Will president resist a non-apology apology in Hiroshima?

White House officials have insisted that President Barack Obama will not apologize for the World War II atomic bombings during his visit to Hiroshima. (Al Drago/CQ Roll Call)
White House officials have insisted that President Barack Obama will not apologize for the World War II atomic bombings during his visit to Hiroshima. (Al Drago/CQ Roll Call)

President Barack Obama will be looking to further shape his legacy during a week long trek across Asia that will highlight a massive trade deal and military cooperation with allies.  

But as Obama presses the region’s leaders to formalize a trade pact he wants as a cornerstone of his legacy and travels to a city where nearly 200,000 people were killed by an American nuclear bomb, the swing is rife with potential pitfalls.  

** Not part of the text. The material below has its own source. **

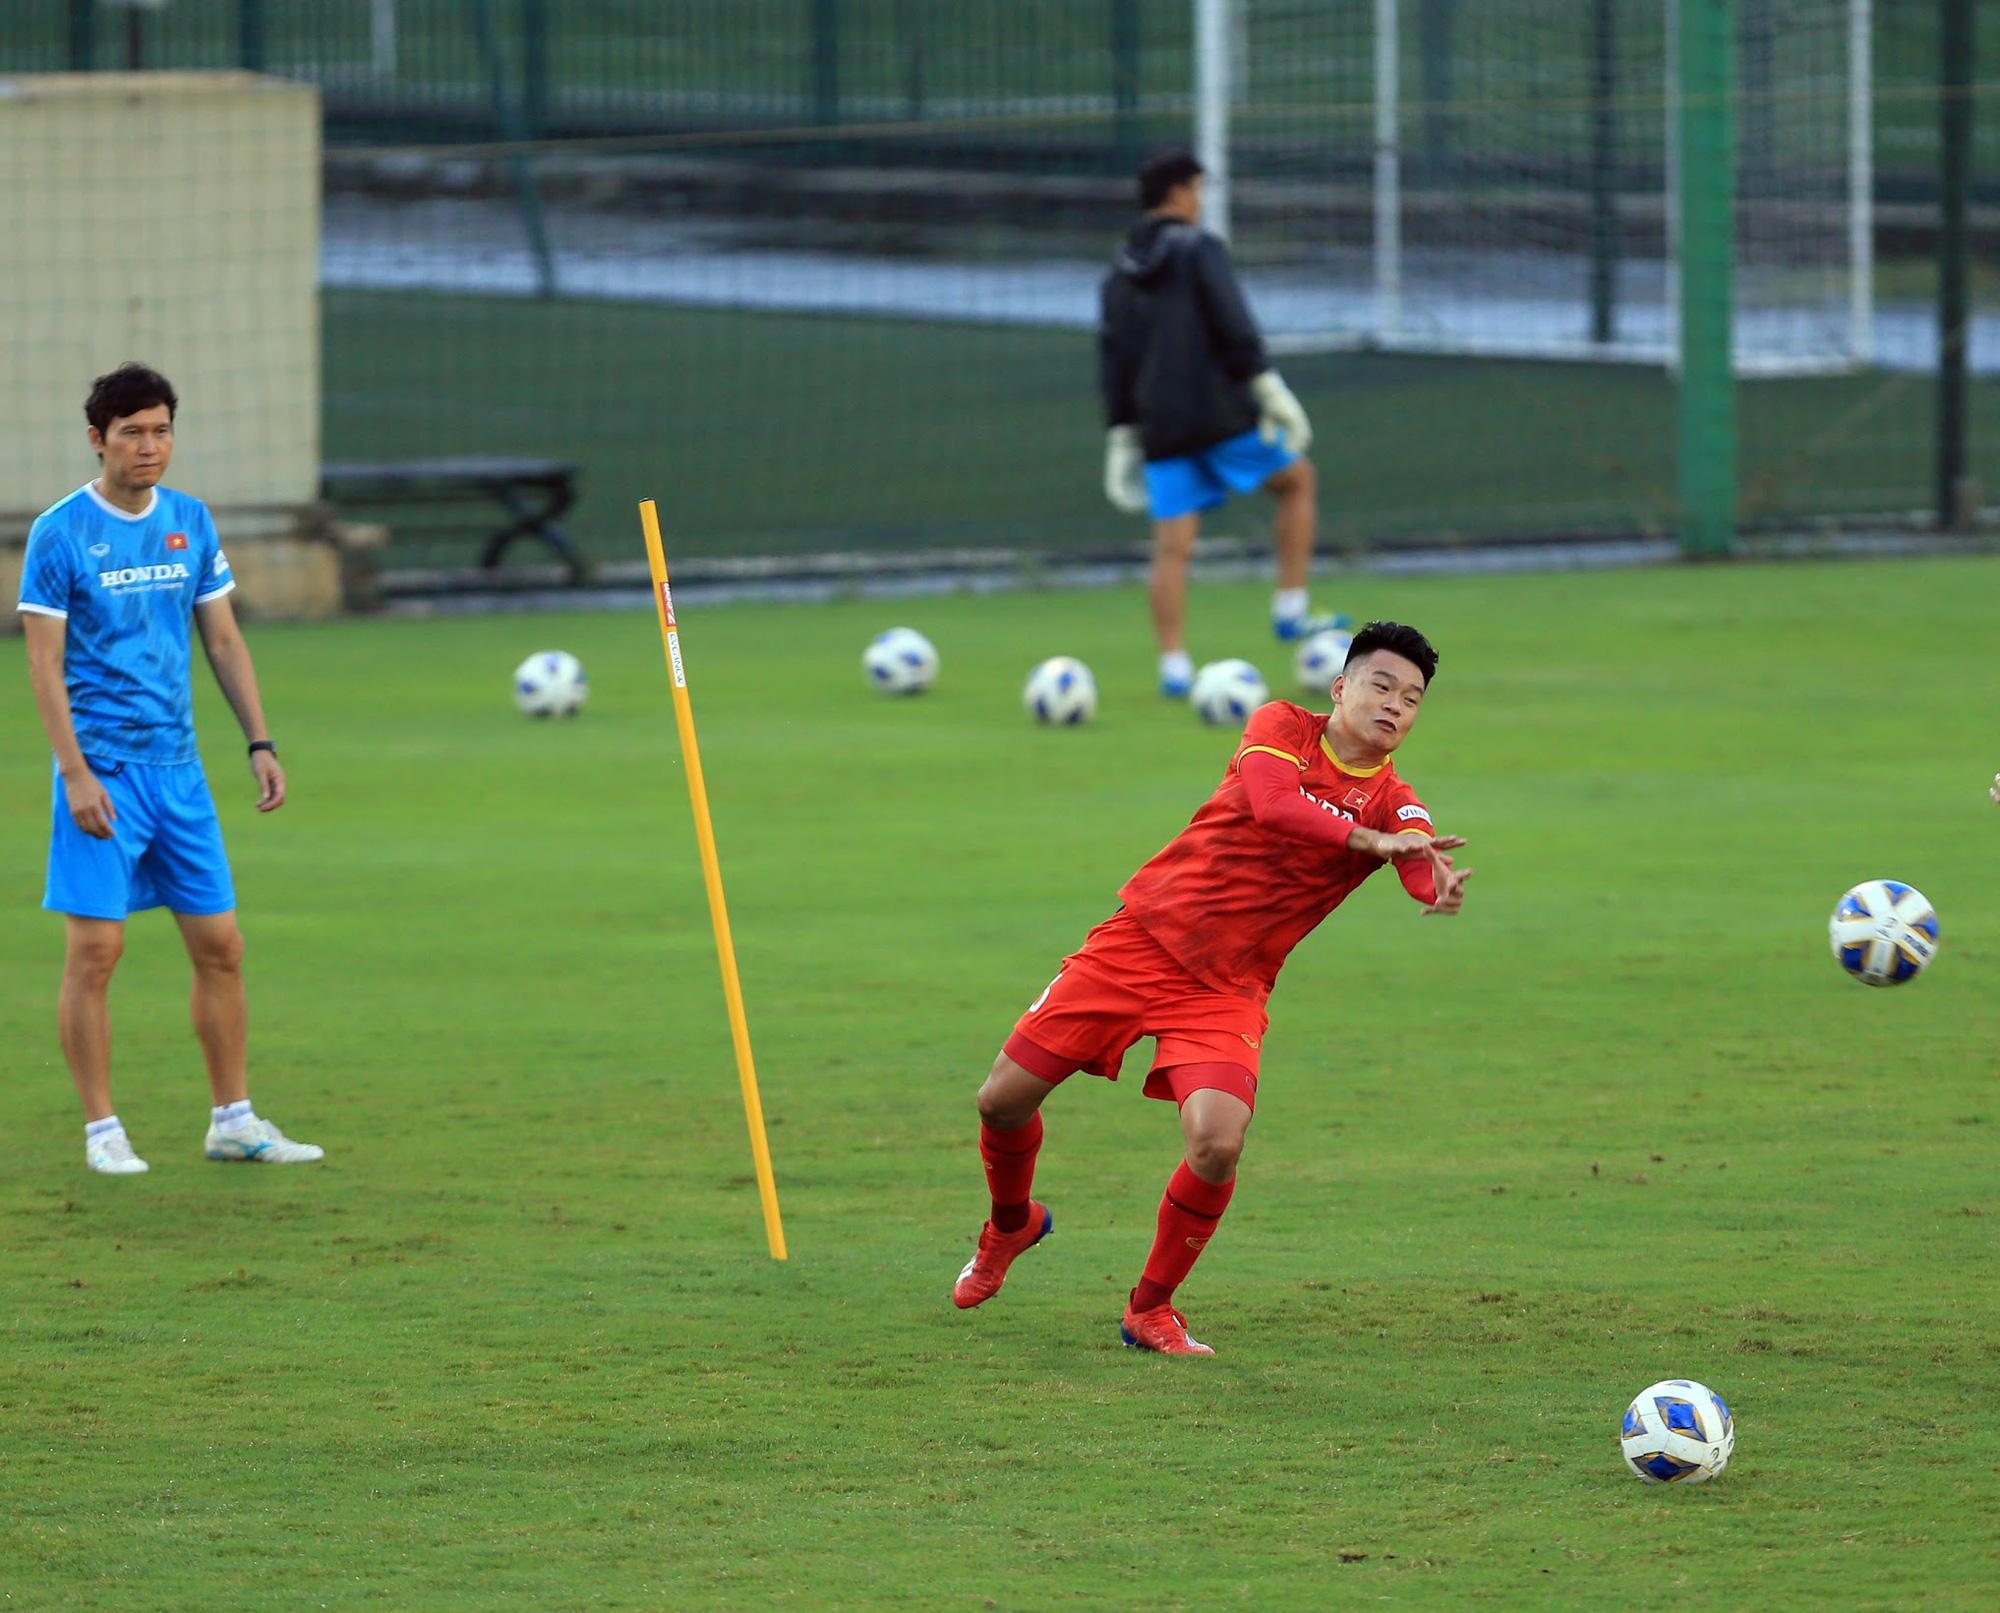 Tuấn Anh và đồng đội hào hứng khi trở thành thủ môn bất đắc dĩ cho tuyển Việt Nam - ảnh 6
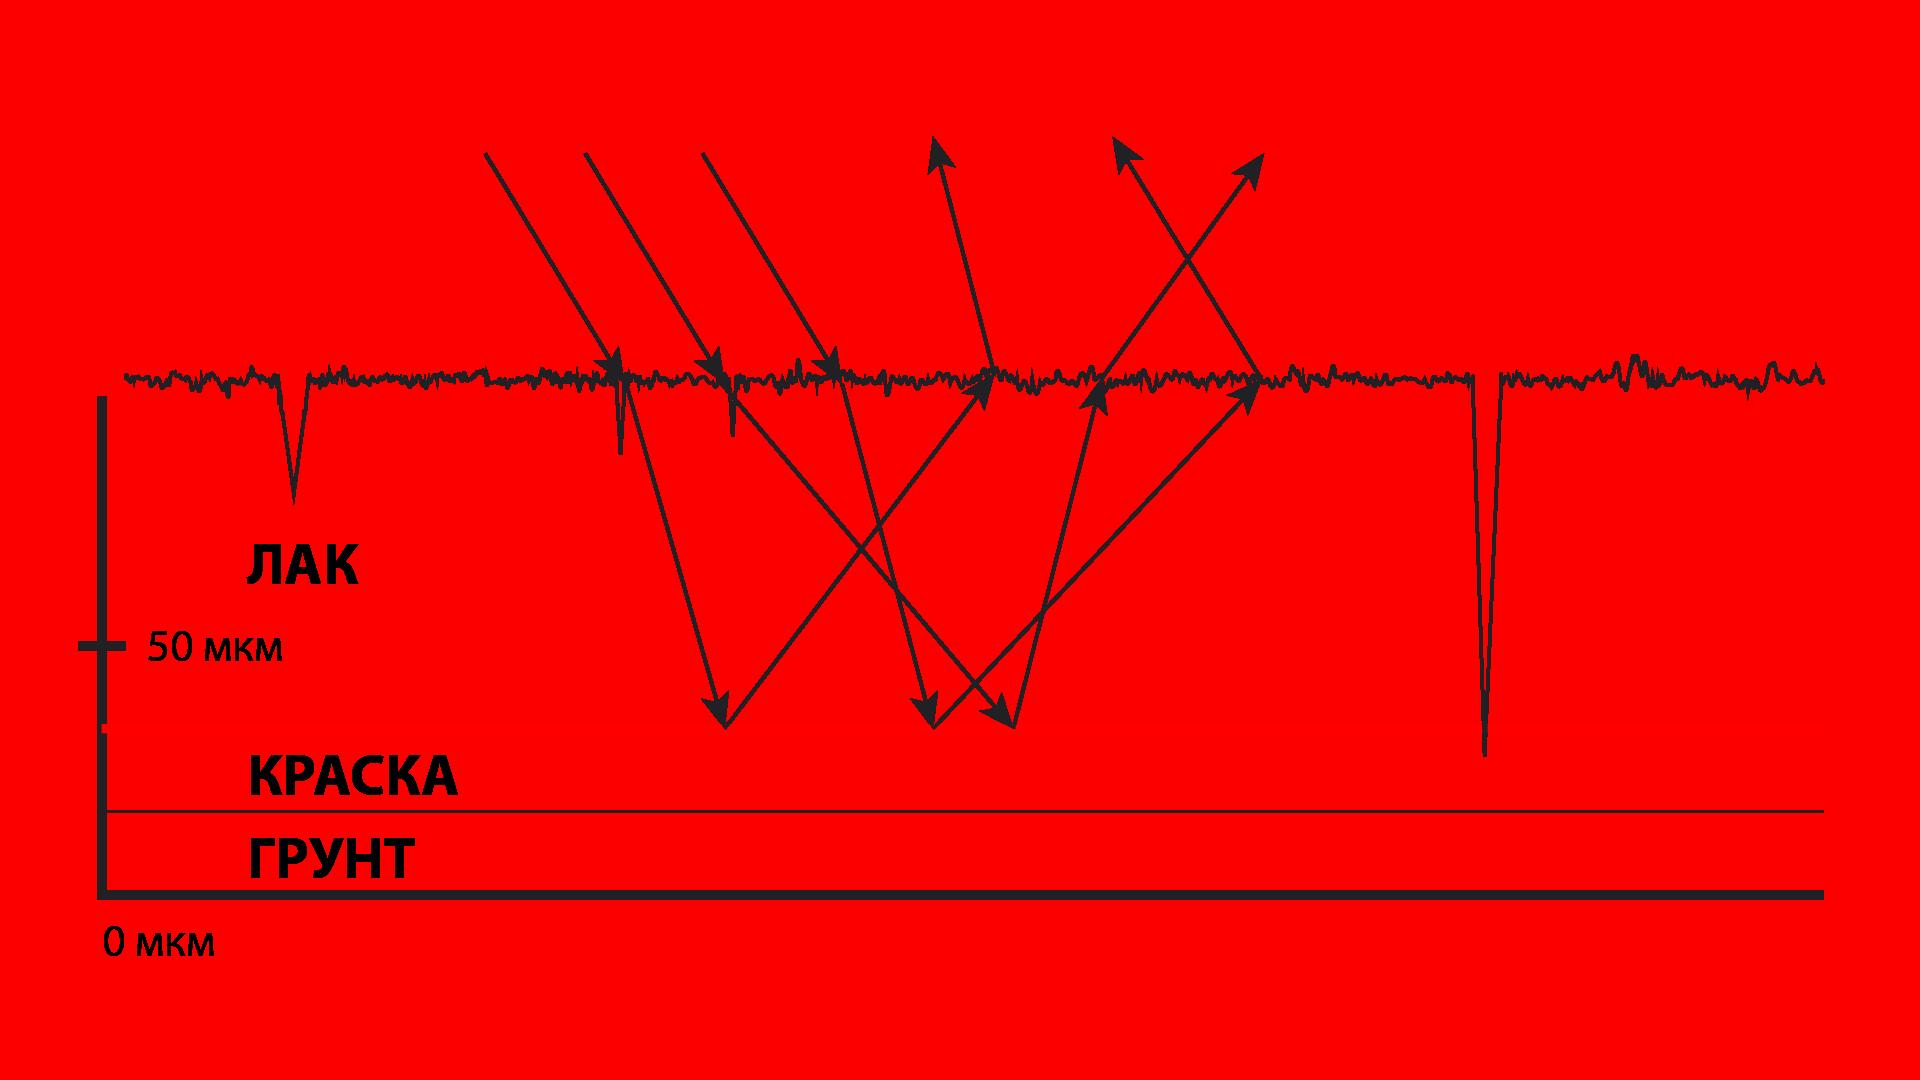 Как проходит свет через поврежденный лак

And with congressional support for the Trans-Pacific Partnership tenuous at best, much is at stake for the president. Here are three possible mistakes Obama should avoid during his upcoming trip to Vietnam and Japan  from May 21 to 28.  

TPP tipping point A major subject at the G7 summit in Japan will be the massive trade pact the Obama administration struck with Pacific Rim countries. Obama is eager to obtain congressional approval before he leaves office, but so far, Republican leaders are not showing urgency.  

Senate Majority Leader Mitch McConnell of Kentucky has said he wants to put off consideration of the trade deal  until a new president is sworn in. But the likely Republican and Democratic presidential nominees, Donald Trump and Hillary Clinton, aren’t keen on the pact.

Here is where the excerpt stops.